Material provided:

--------------------------------

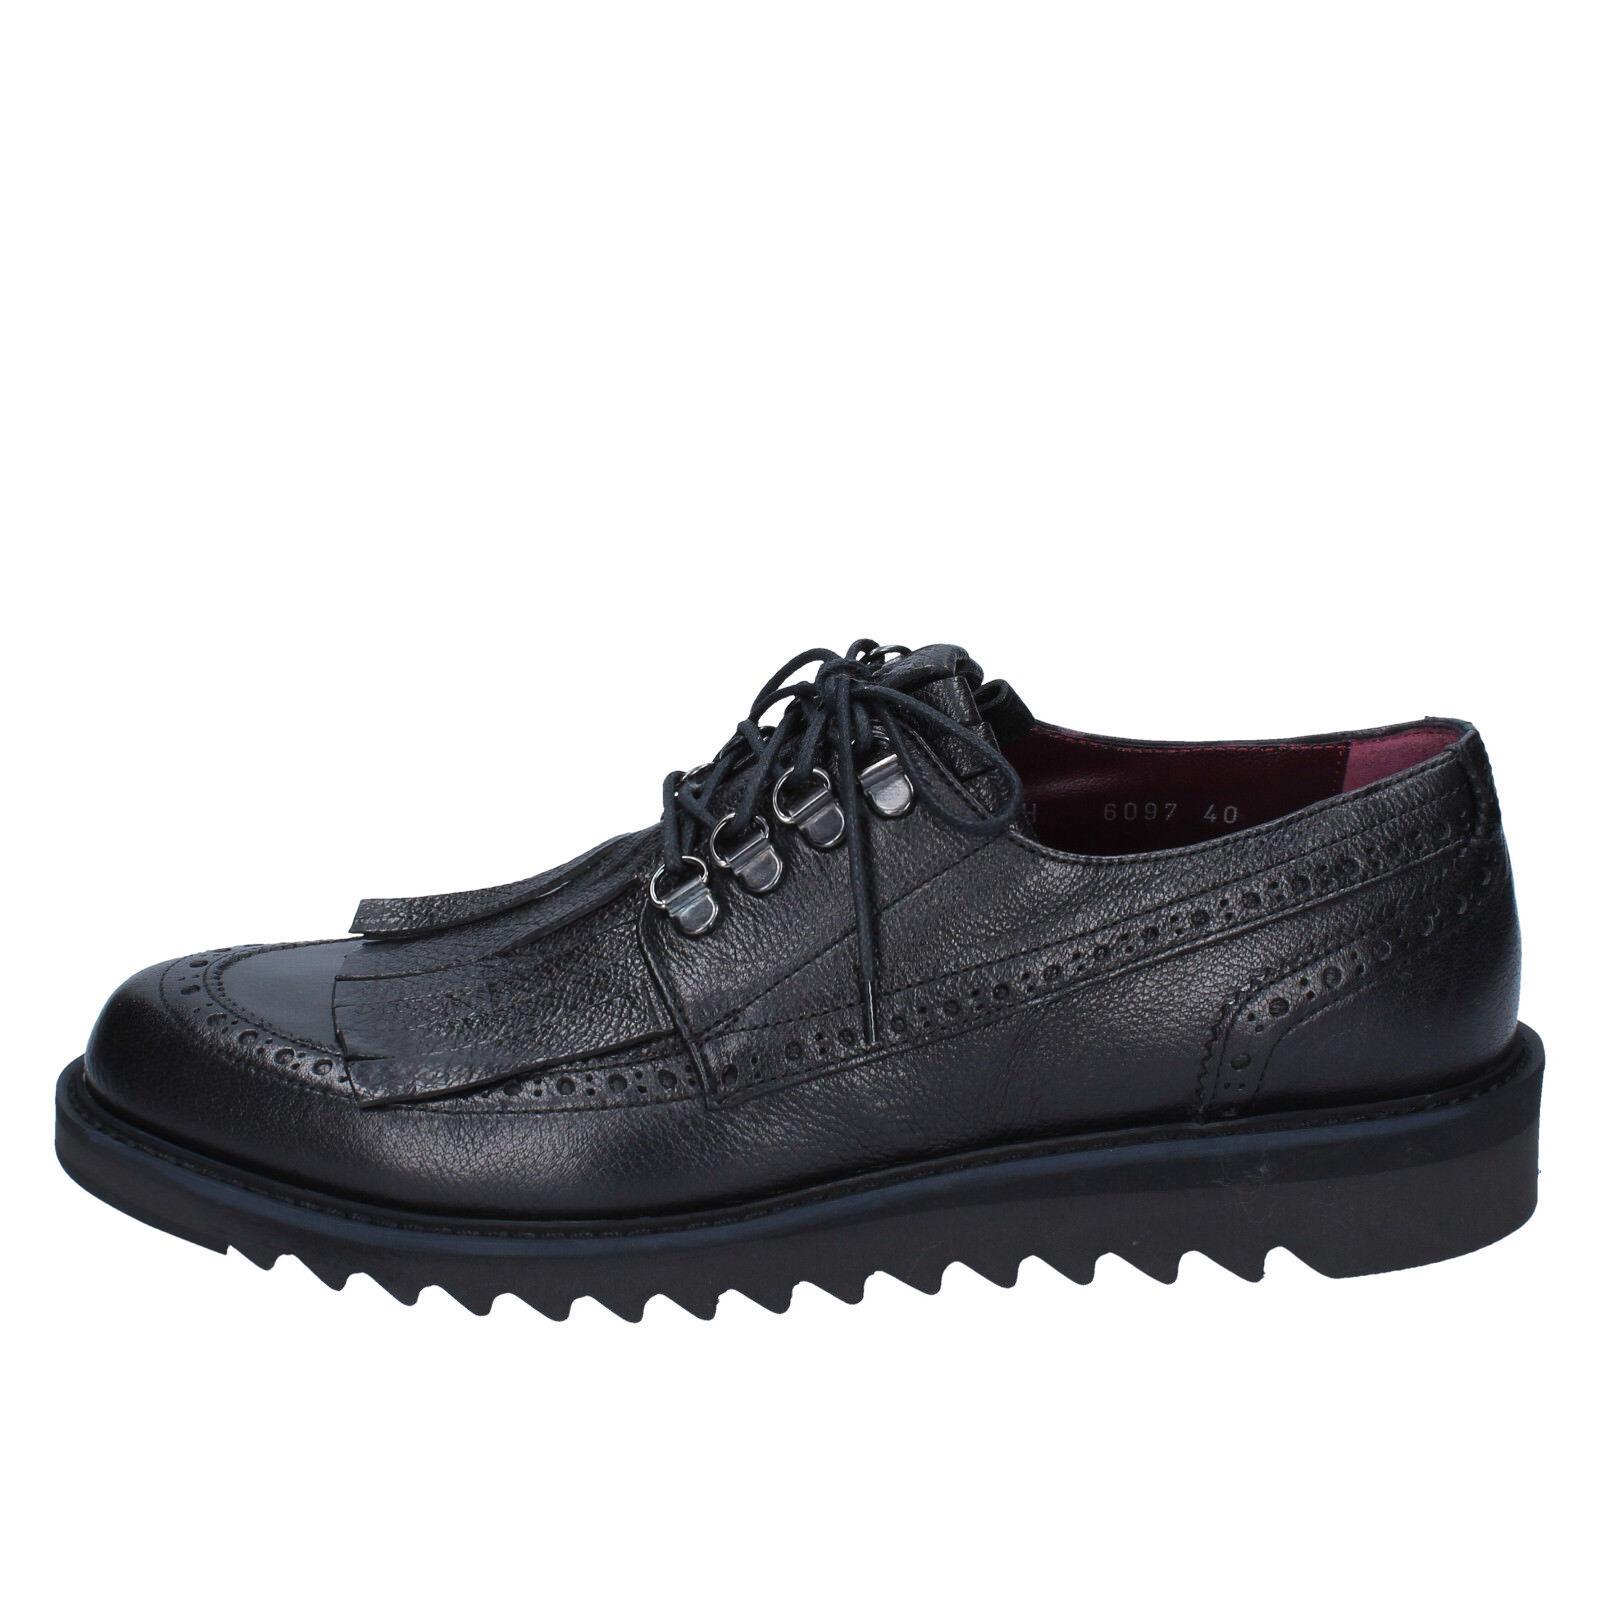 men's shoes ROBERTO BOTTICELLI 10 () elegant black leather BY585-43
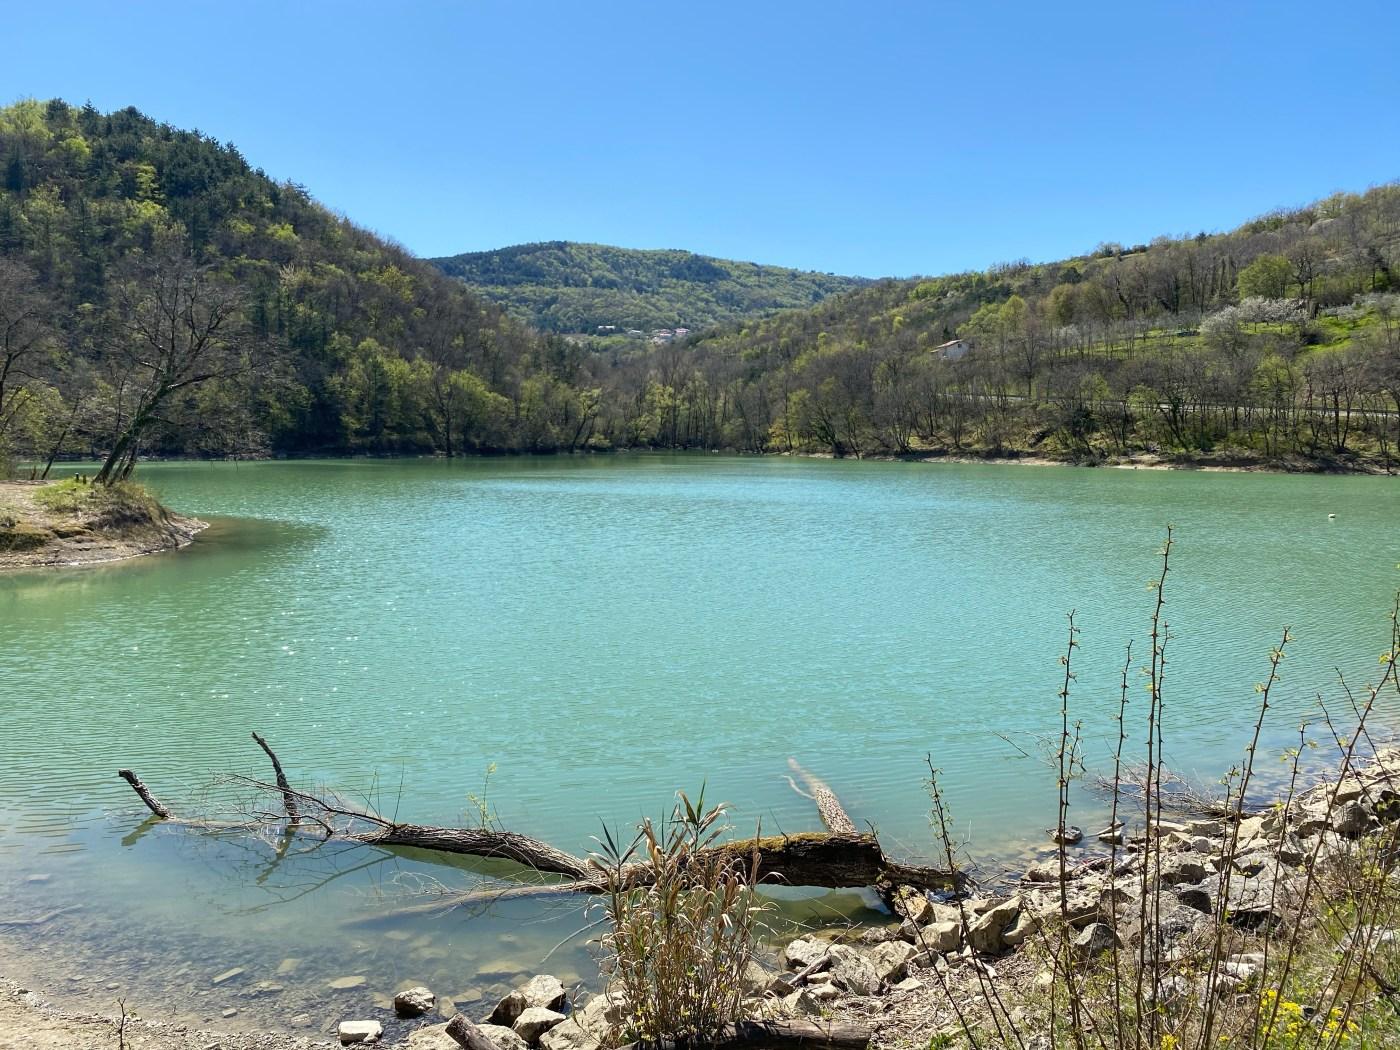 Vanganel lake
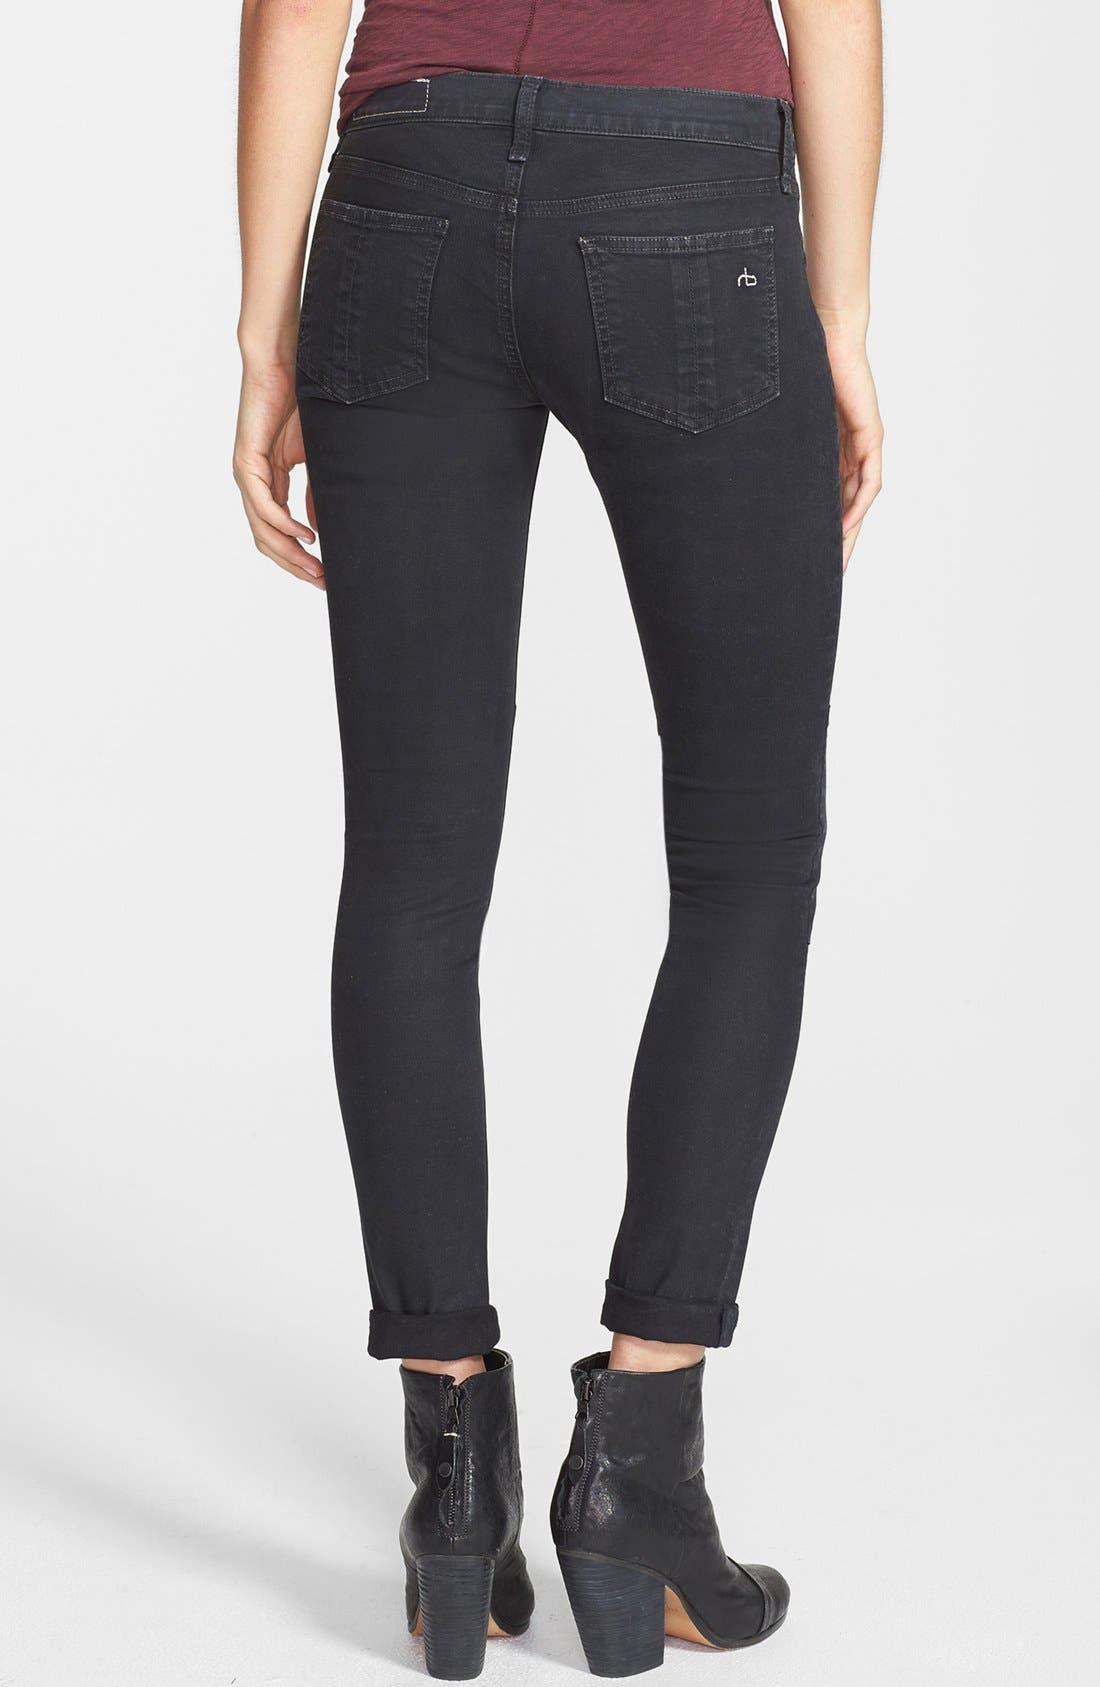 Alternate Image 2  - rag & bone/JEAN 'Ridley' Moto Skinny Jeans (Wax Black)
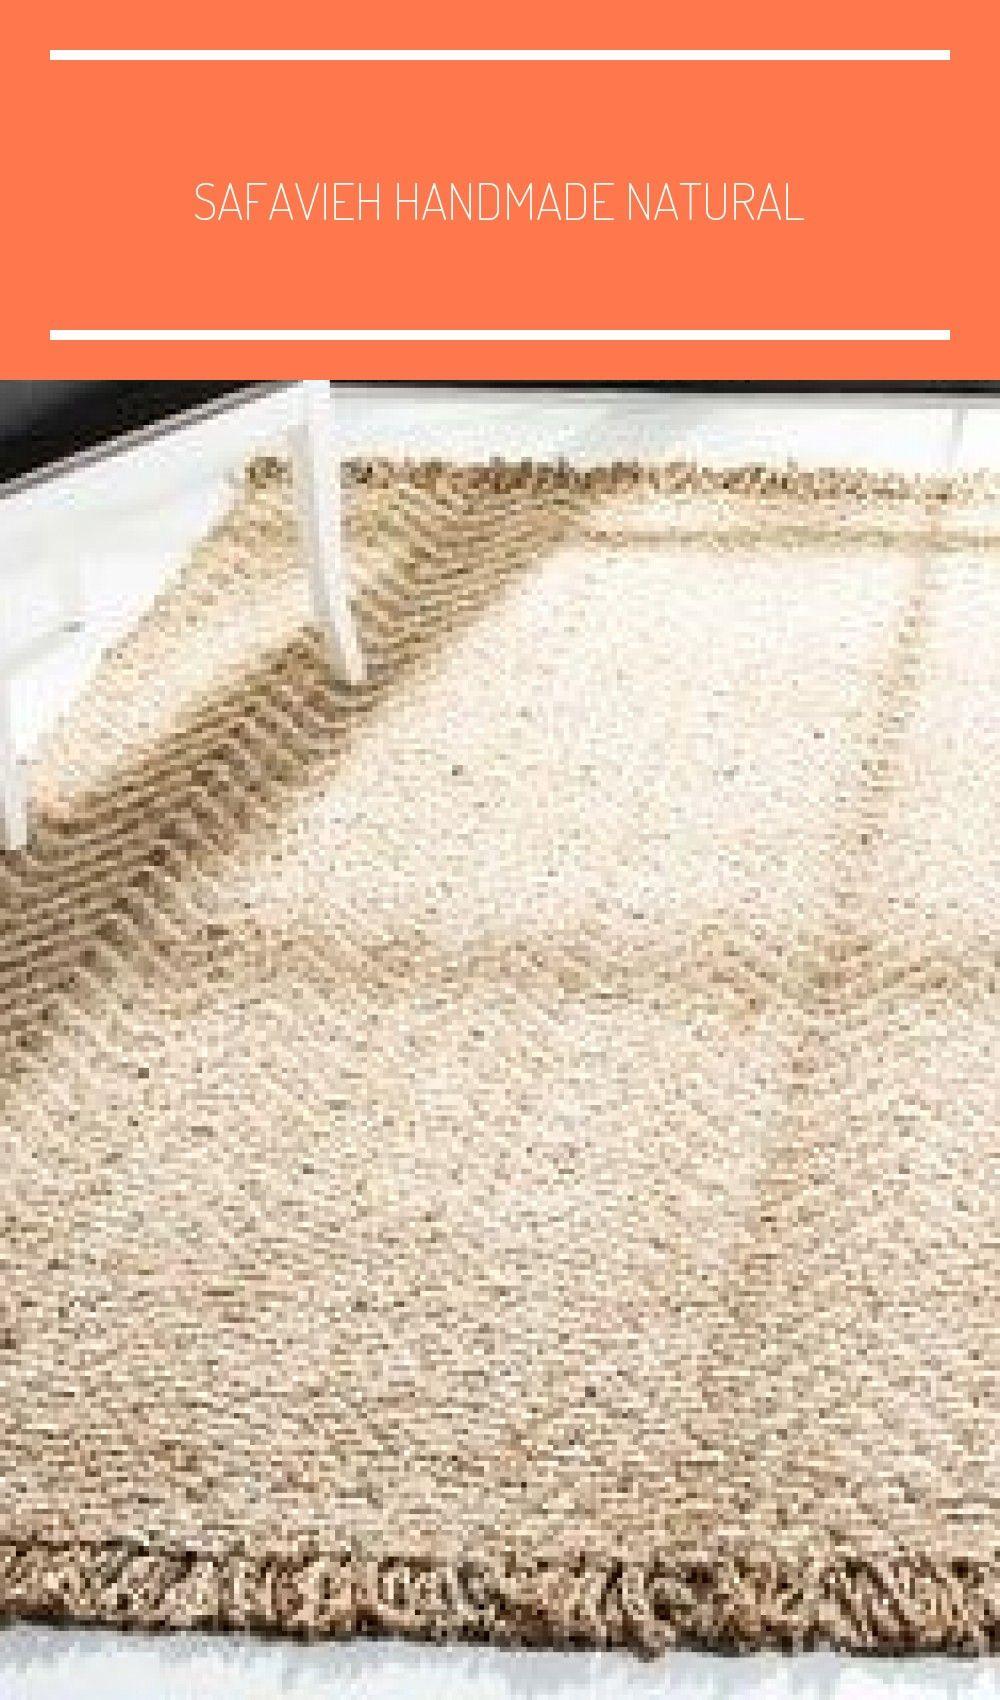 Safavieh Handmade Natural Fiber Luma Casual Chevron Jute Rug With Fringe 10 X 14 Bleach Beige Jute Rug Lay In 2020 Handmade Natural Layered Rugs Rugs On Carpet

--------------------------------

Problem to solve: Your answer must be the lines from the line containing "Alternate Image 2" through the final line of the data, written out exactly, both ends included and pictures left out.

Task response:
 Alternate Image 2  - rag & bone/JEAN 'Ridley' Moto Skinny Jeans (Wax Black)
 Safavieh Handmade Natural Fiber Luma Casual Chevron Jute Rug With Fringe 10 X 14 Bleach Beige Jute Rug Lay In 2020 Handmade Natural Layered Rugs Rugs On Carpet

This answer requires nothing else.